The following code creates the same reproducible results (except the timings)

library(mlr)
library(parallel)
library(parallelMap)

# Load data
data(Soybean, package = "mlbench") 

# Initialize paralelllization
parallelStartSocket(cpus = 2)

# Prepare data, task, learner
soy = createDummyFeatures(Soybean, target = "Class")
tsk = makeClassifTask(data = soy, target = "Class")
ho = makeResampleInstance("Holdout", tsk)
tsk.train = subsetTask(tsk, ho$train.inds[[1]])

lrn = makeLearner("classif.xgboost", nrounds = 10)

# Prepare for hyperparametar tuning
ps = makeParamSet(makeNumericParam("eta", 0, 1))
tc = makeTuneControlMBO(budget = 1)

# Turn off excessive output
configureMlr(show.info = FALSE, show.learner.output = FALSE)

# Tune parameters
suppressMessages({

  set.seed(123456, "L'Ecuyer-CMRG")
  clusterSetRNGStream(iseed = 123456)
  tr1  = tuneParams(lrn, tsk.train, cv2, acc, ps, tc)

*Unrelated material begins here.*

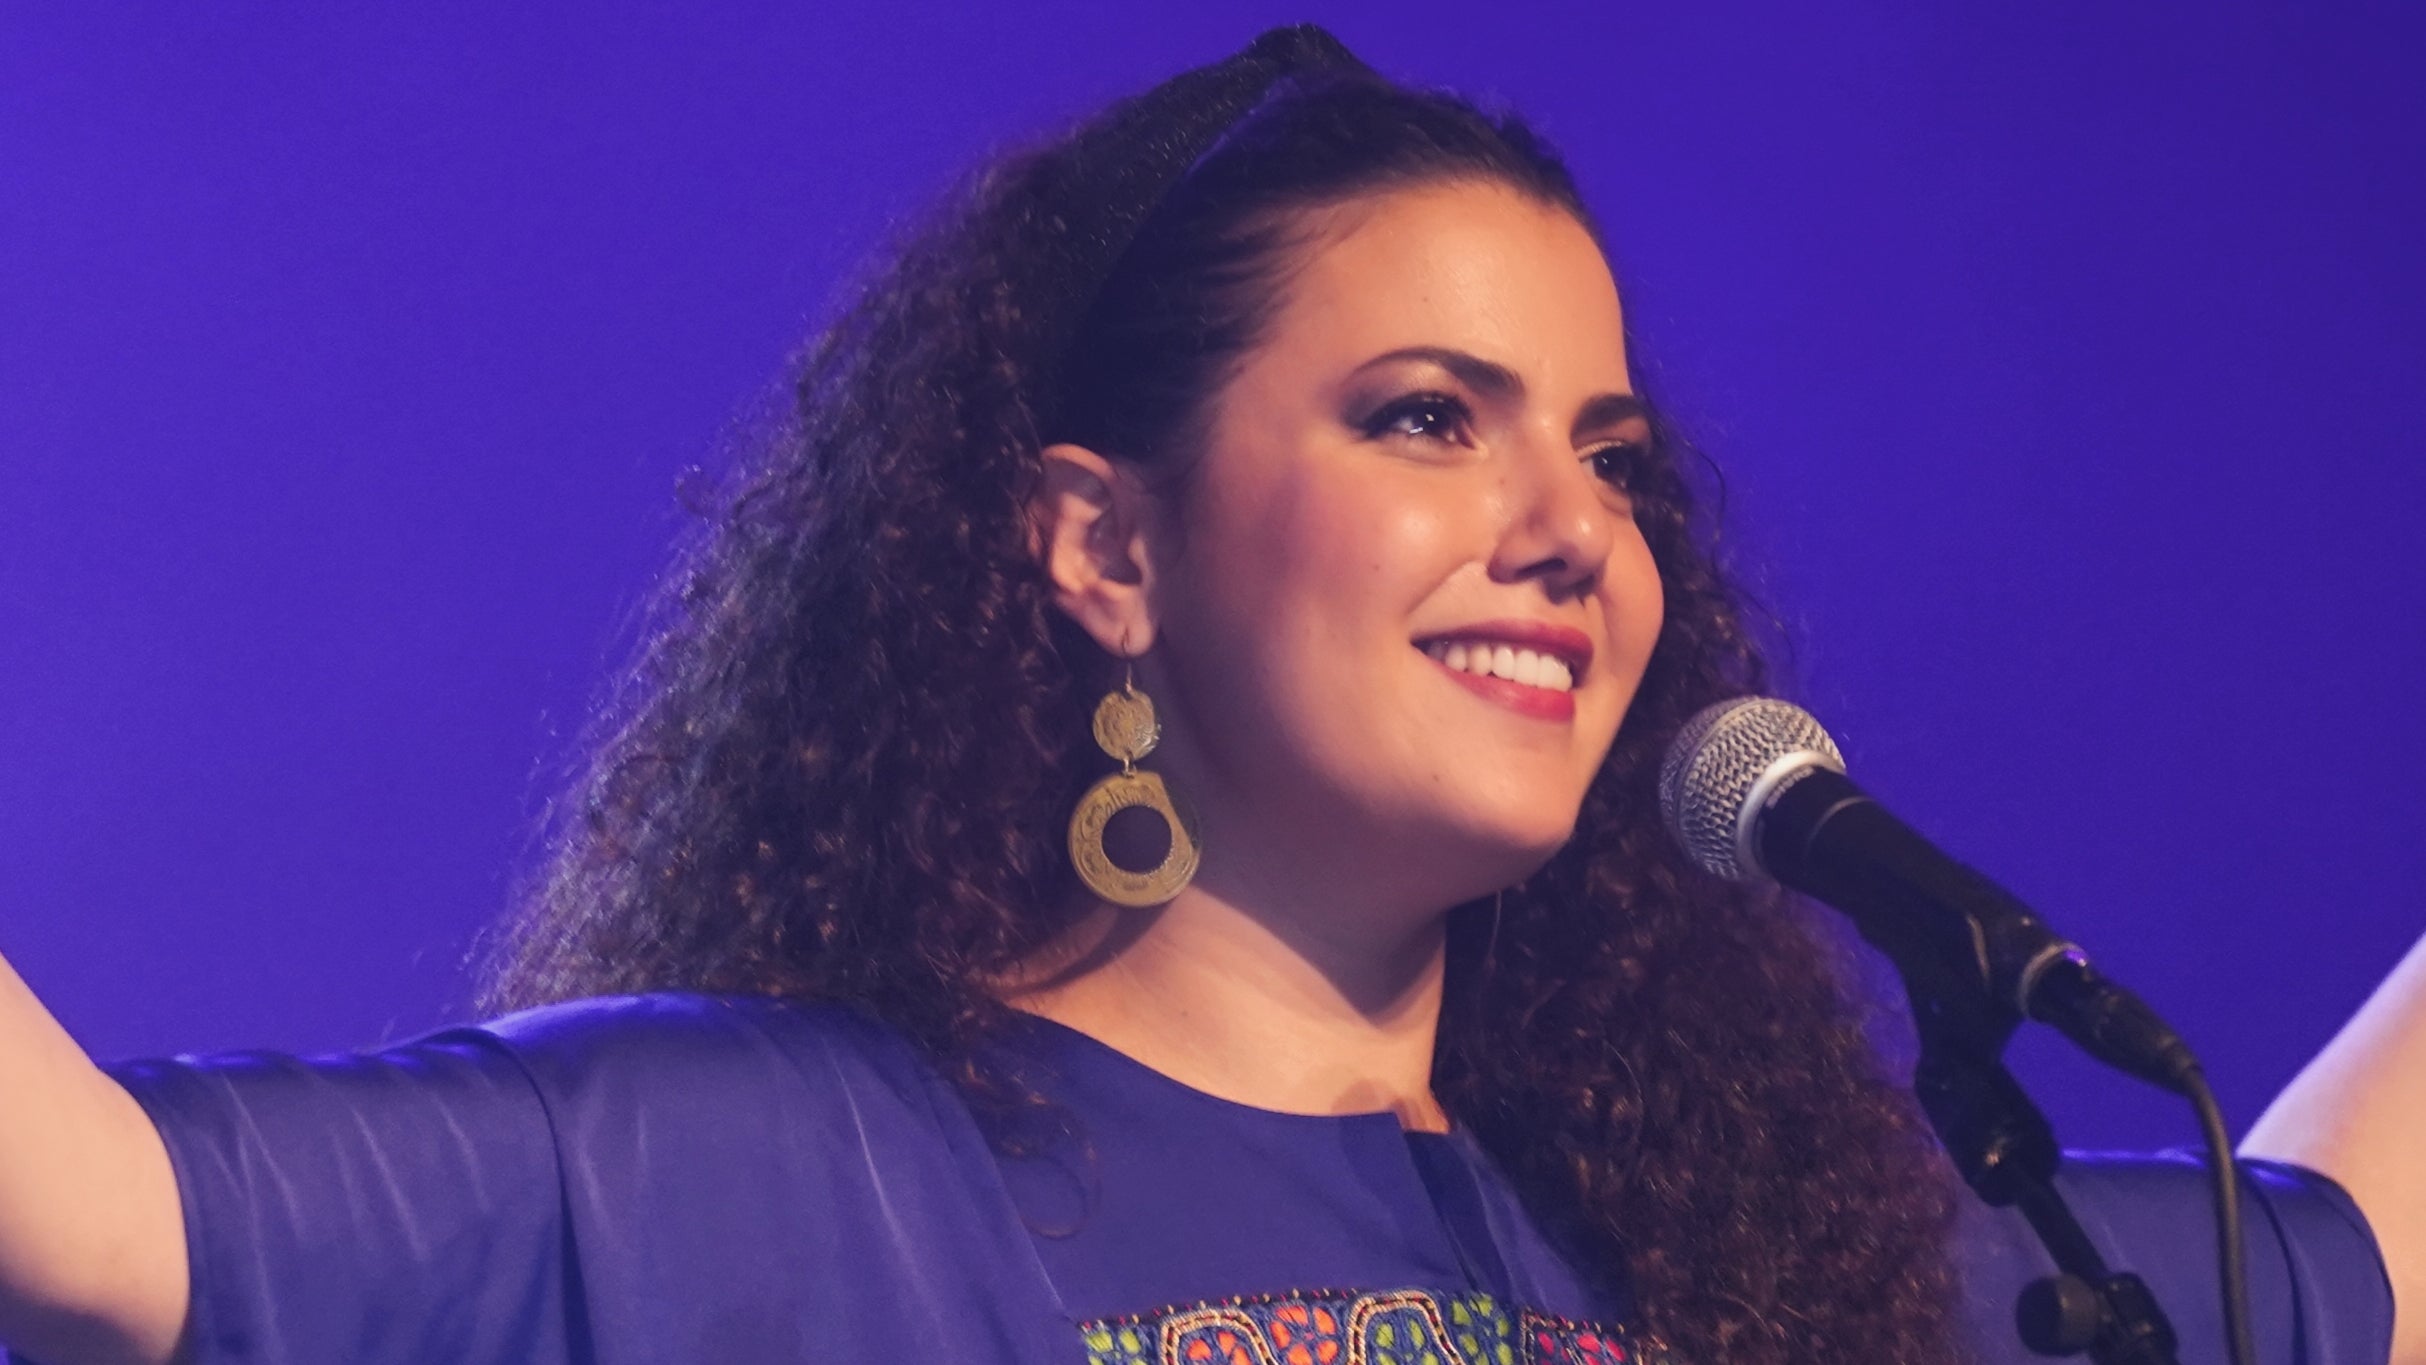 Toronto Palestine Film Festival presents Nai Barghouti in concert

  set.seed(123456, "L'Ecuyer-CMRG")
  clusterSetRNGStream(iseed = 123456)
  tr2  = tuneParams(lrn, tsk.train, cv2, acc, ps, tc)

})

parallelStop()

What did I change? I also set the local seed. Why? Because it's not only about the seeding on the parallel processes. Also the seeding on the main machine is important as it influences eg. the resampling (which is drawn on the master).

2
votes

It does make a difference whether one uses parallelism based on forked processes (multi-core, not available on Windows) or on separate processes with socket communication. For multi-core parallelism, it is sufficient to set the seed and RNG kind before parallelStart() to get same random numbers with every call:

library(parallelMap)

suppressMessages({
    set.seed(123456, "L'Ecuyer-CMRG")
    parallelStartMulticore(cpus = 2)
    r1 <- parallelMap(runif, rep(3, 2))
    parallelStop()

    set.seed(123456, "L'Ecuyer-CMRG")
    parallelStartMulticore(cpus = 2)
    r2 <- parallelMap(runif, rep(3, 2))
    parallelStop()
})
all.equal(r1, r2)
#> [1] TRUE

For socket based parallelism we can make use of parallel::clusterSetRNGStream() after parallelStart() as mentioned in GitHub issue:

library(parallelMap)

suppressMessages({
    parallelStartSocket(cpus = 2)
    parallel::clusterSetRNGStream(iseed = 123456)
    r1 <- parallelMap(runif, rep(3, 2))
    parallelStop()

    parallelStartSocket(cpus = 2)
    parallel::clusterSetRNGStream(iseed = 123456)
    r2 <- parallelMap(runif, rep(3, 2))
    parallelStop()
})
all.equal(r1, r2)
#> [1] TRUE

This should also work with your real problem, although I have not tested it.